I'm marking the PR with RFC because we need to discuss first on the details and understand whether it could make sense to deploy it already for the demonstrator. Otherwise the PR can serve as a discussion forum on the topic until the demonstrator is finished.

  • Pros wrt. HeterogeneousEDProducer
    • Very flexible
    • Provides "streaming node" functionality out of the box
    • GPU->CPU transfers done on demand also when need to make edm::Refs
    • Allows running both CPU and CUDA versions of the algorithms in the same job
      • E.g. for validation/debugging
    • Simpler code (both infrastructure and use)
  • Cons
    • More verbose and more boilerplate
    • Need to add cms.Paths in the cff files (not needed with `SwitchProducer)
    • Duplication in module customizations

Fixes #133.

@felicepantaleo @fwyzard @VinInn @rovere

@makortel
Copy link
Author

makortel commented Jul 24, 2018

Summarizing here the outcome of the meeting today (*).
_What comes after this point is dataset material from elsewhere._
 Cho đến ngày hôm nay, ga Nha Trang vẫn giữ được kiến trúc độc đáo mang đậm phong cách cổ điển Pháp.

We chose to continue with the HeterogeneousEDProducer for the demonstrator, and leave this PR open for discussion (and possible further development) for that time. Questions raised:

  1. Can CUDADeviceChooser and CUDADeviceFilter be combined?
  2. The configuration side is awful, especially for the end-developer side. One way to seek for improvement would be to think first how one would like to configure, and then think how to implement that.
    • The main problem lies in all the boilerplate of the pattern needed for "GPU or CPU"
  3. Adding new Paths in the configuration doesn't (currently) work with HLT
    • HLT is still run in scheduled mode (with process.Schedule and Paths containing all producers)
    • Configuration editing system does not currently support Tasks etc
    • Dislike non-physics Paths

(*) https://indico.cern.ch/event/746161/contributions/3084531/attachments/1692036/2722511/slides_mk_20180724.pdf

@makortel
Copy link
Author

makortel commented Aug 7, 2018

Rebased on top of head of CMSSW_10_2_X_Patatrack (c2aba96).
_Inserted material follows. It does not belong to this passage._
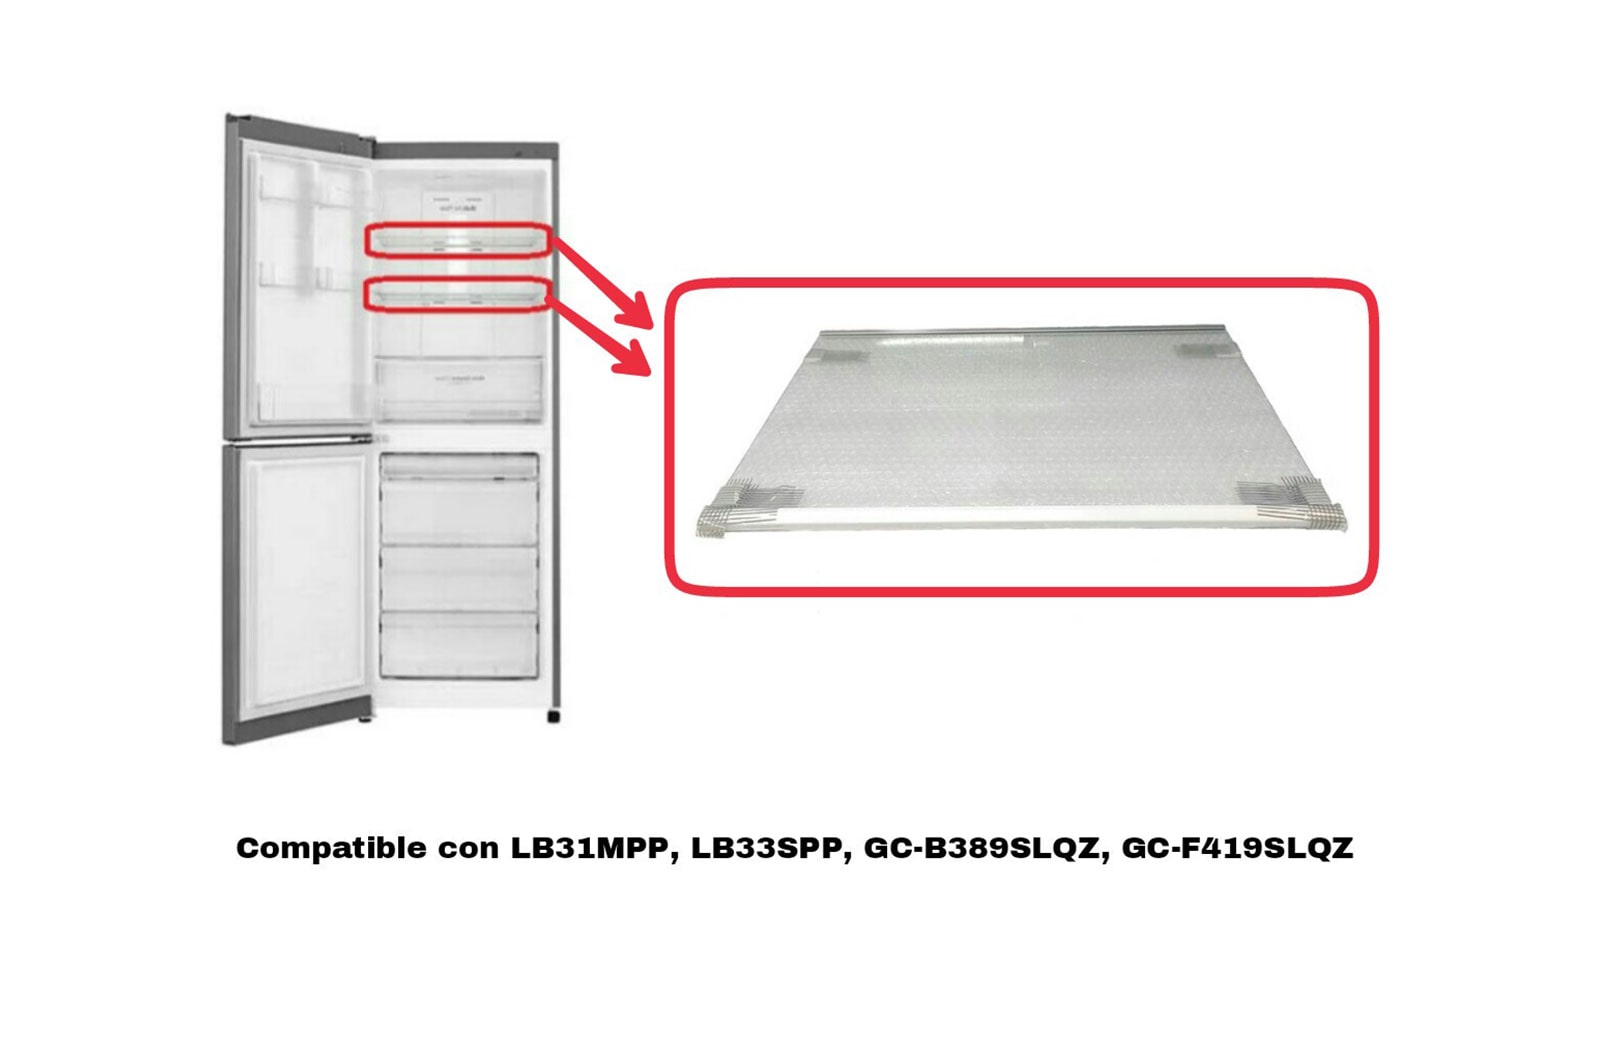 LG Bandeja refrigerador, AHT73754305

Regarding the point 1 in #100 (comment), the choice of splitting the logic to an EDProducer and an EDFilter was based on earlier experience that usually (though not always) combining them leads to problems. Thinking further this particular case

  • the producer+filter functionality is "instruct the downstream to run on GPU if possible, otherwise in CPU", while
  • the producer-only functionality is "instruct the downstream to run on GPU, if not possible, throw an error"

so it seems that the producer side for the two cases is fundamentally different. Therefore I added a commit toying with the idea of providing

  • CUDADeviceChooserFilter: if decide to run on GPU, return true and produce CUDAToken, else return false and produce nothing
  • CUDADeviceChooserProducer: if decide to run on GPU, produce CUDAToken, else throw an exception

In short, yes, the producer and the filter can be (and makes sense to) combined for the case where(/if) we want to be able to dynamically decide whether a chain of CUDA EDModules should run on a GPU or a CPU.

@makortel
Copy link
Author

makortel commented Aug 13, 2018

Some random thoughts about CUDA streams

  • I start to think now that it would probably be better for CUDADeviceChooserFilter and CUDADeviceChooserProducer to own the CUDA stream (per EDM stream)
    • In principle tiny bit faster as they are not created+destroyed for each event and "chain of CUDA modules"
    • My main motivation comes from the profiling though. I believe it would be clearer in nvvp that a single CUDA stream id is always associated to the same EDM stream and to the same chain of modules (across events)
  • I believe (need to test it through of course) that overlapping the GPU->CPU transfer with kernels (on the same "computation CUDA stream") using another CUDA stream comes out in a straightforward way. We just need to add a variant of CUDADeviceChooserProducer (named e.g. CUDAStreamInDevice) which reads a CUDAToken and produces a new CUDAToken in the same CUDA device but with a new CUDA stream
  • We are currently using CUDA streams in beginStream() (where we do the block memory allocations) to "asynchronously" set memory or transfer some constant data. I used quotes because given the "global synchronization" nature of cudaMalloc I'm not sure how much we actually benefit from the CUDA streams in there, and whether it would be good-enough to do all memsets and transfers there synchronously (they are once-in-job anyway).

@makortel
Copy link
Author

Except the first two (CUDA stream owned by a module, and ability to create additional CUDA streams on a given device) are in conflict because (in general) I can't communicate the chosen device from a module to the beginStream() of another, and anyway the first bullet assumes the current EDM stream -> CUDA device mapping.

@fwyzard
Copy link

fwyzard commented Aug 14, 2018

@makortel

I believe (need to test it through of course) that overlapping the GPU->CPU transfer with kernels (on the same "computation CUDA stream") using another CUDA stream comes out in a straightforward way.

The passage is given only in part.